§ PROBLEM DETAILS
An exact transcription of all the data is the expected reply.

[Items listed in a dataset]

»»

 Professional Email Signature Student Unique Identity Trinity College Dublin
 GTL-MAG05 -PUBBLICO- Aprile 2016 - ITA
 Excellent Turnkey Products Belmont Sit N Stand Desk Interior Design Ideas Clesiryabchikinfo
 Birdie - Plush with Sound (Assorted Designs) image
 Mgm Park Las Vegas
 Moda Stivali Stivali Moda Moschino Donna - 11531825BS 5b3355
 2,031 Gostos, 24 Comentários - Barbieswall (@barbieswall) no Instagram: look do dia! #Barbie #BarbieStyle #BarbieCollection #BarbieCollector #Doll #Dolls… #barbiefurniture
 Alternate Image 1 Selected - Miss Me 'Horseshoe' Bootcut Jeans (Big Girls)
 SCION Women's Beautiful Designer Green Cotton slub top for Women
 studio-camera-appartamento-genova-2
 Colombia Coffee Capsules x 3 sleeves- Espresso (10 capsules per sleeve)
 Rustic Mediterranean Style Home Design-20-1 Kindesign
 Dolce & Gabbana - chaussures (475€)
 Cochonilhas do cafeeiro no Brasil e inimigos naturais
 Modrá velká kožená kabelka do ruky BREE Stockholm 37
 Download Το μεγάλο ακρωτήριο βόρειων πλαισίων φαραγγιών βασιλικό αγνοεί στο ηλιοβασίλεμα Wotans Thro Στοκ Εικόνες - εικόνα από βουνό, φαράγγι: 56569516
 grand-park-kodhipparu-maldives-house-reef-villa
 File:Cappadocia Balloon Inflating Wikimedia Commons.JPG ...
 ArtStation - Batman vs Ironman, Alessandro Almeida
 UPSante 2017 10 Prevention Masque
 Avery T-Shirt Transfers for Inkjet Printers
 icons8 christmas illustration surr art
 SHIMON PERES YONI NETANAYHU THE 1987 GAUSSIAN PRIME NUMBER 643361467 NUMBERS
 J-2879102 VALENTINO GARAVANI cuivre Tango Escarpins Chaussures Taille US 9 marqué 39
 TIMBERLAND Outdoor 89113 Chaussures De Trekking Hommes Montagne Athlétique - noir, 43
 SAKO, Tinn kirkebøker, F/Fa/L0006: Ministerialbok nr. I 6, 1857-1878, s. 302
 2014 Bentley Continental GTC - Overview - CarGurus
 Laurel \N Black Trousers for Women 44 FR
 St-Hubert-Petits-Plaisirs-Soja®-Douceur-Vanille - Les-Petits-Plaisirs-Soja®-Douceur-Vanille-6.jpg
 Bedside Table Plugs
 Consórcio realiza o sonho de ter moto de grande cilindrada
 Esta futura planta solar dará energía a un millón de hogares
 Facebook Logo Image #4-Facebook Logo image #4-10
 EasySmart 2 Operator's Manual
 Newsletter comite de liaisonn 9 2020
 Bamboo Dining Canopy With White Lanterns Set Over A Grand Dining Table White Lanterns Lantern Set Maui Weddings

««

§ RESULT OF THE EXERCISE
 Professional Email Signature Student Unique Identity Trinity College Dublin
 GTL-MAG05 -PUBBLICO- Aprile 2016 - ITA
 Excellent Turnkey Products Belmont Sit N Stand Desk Interior Design Ideas Clesiryabchikinfo
 Birdie - Plush with Sound (Assorted Designs) image
 Mgm Park Las Vegas
 Moda Stivali Stivali Moda Moschino Donna - 11531825BS 5b3355
 2,031 Gostos, 24 Comentários - Barbieswall (@barbieswall) no Instagram: look do dia! #Barbie #BarbieStyle #BarbieCollection #BarbieCollector #Doll #Dolls… #barbiefurniture
 Alternate Image 1 Selected - Miss Me 'Horseshoe' Bootcut Jeans (Big Girls)
 SCION Women's Beautiful Designer Green Cotton slub top for Women
 studio-camera-appartamento-genova-2
 Colombia Coffee Capsules x 3 sleeves- Espresso (10 capsules per sleeve)
 Rustic Mediterranean Style Home Design-20-1 Kindesign
 Dolce & Gabbana - chaussures (475€)
 Cochonilhas do cafeeiro no Brasil e inimigos naturais
 Modrá velká kožená kabelka do ruky BREE Stockholm 37
 Download Το μεγάλο ακρωτήριο βόρειων πλαισίων φαραγγιών βασιλικό αγνοεί στο ηλιοβασίλεμα Wotans Thro Στοκ Εικόνες - εικόνα από βουνό, φαράγγι: 56569516
 grand-park-kodhipparu-maldives-house-reef-villa
 File:Cappadocia Balloon Inflating Wikimedia Commons.JPG ...
 ArtStation - Batman vs Ironman, Alessandro Almeida
 UPSante 2017 10 Prevention Masque
 Avery T-Shirt Transfers for Inkjet Printers
 icons8 christmas illustration surr art
 SHIMON PERES YONI NETANAYHU THE 1987 GAUSSIAN PRIME NUMBER 643361467 NUMBERS
 J-2879102 VALENTINO GARAVANI cuivre Tango Escarpins Chaussures Taille US 9 marqué 39
 TIMBERLAND Outdoor 89113 Chaussures De Trekking Hommes Montagne Athlétique - noir, 43
 SAKO, Tinn kirkebøker, F/Fa/L0006: Ministerialbok nr. I 6, 1857-1878, s. 302
 2014 Bentley Continental GTC - Overview - CarGurus
 Laurel \N Black Trousers for Women 44 FR
 St-Hubert-Petits-Plaisirs-Soja®-Douceur-Vanille - Les-Petits-Plaisirs-Soja®-Douceur-Vanille-6.jpg
 Bedside Table Plugs
 Consórcio realiza o sonho de ter moto de grande cilindrada
 Esta futura planta solar dará energía a un millón de hogares
 Facebook Logo Image #4-Facebook Logo image #4-10
 EasySmart 2 Operator's Manual
 Newsletter comite de liaisonn 9 2020
 Bamboo Dining Canopy With White Lanterns Set Over A Grand Dining Table White Lanterns Lantern Set Maui Weddings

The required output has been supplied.